Data excerpts:

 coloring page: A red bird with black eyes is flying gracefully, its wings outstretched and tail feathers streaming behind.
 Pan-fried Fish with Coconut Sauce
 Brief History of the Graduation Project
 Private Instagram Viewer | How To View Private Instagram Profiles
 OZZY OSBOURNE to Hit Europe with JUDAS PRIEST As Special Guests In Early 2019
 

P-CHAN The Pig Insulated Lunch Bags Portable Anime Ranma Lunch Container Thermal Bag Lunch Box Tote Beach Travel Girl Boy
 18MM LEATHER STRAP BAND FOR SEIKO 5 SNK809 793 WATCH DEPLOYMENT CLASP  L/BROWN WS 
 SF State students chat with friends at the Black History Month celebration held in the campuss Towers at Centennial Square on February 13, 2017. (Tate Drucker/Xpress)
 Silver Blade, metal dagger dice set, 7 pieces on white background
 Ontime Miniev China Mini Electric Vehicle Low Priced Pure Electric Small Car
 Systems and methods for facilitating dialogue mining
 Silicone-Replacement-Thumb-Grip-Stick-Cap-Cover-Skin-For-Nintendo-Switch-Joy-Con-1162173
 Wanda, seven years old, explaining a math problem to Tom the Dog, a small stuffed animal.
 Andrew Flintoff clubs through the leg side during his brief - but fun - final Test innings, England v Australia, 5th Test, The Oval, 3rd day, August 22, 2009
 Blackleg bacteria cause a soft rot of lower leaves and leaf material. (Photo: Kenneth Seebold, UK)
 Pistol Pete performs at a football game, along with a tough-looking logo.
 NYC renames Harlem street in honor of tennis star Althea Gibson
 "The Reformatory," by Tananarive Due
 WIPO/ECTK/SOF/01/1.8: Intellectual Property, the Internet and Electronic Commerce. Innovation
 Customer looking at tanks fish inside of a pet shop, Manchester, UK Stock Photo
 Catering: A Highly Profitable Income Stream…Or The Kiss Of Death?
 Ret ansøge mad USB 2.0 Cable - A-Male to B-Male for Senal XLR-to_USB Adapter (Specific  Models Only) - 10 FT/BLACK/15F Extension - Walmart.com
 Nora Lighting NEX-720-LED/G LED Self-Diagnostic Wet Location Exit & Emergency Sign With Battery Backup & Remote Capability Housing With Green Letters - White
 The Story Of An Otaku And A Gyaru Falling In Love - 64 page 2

• Your instructions
When a line above includes the word "page", please list that line.

• Response area
 coloring page: A red bird with black eyes is flying gracefully, its wings outstretched and tail feathers streaming behind.
 The Story Of An Otaku And A Gyaru Falling In Love - 64 page 2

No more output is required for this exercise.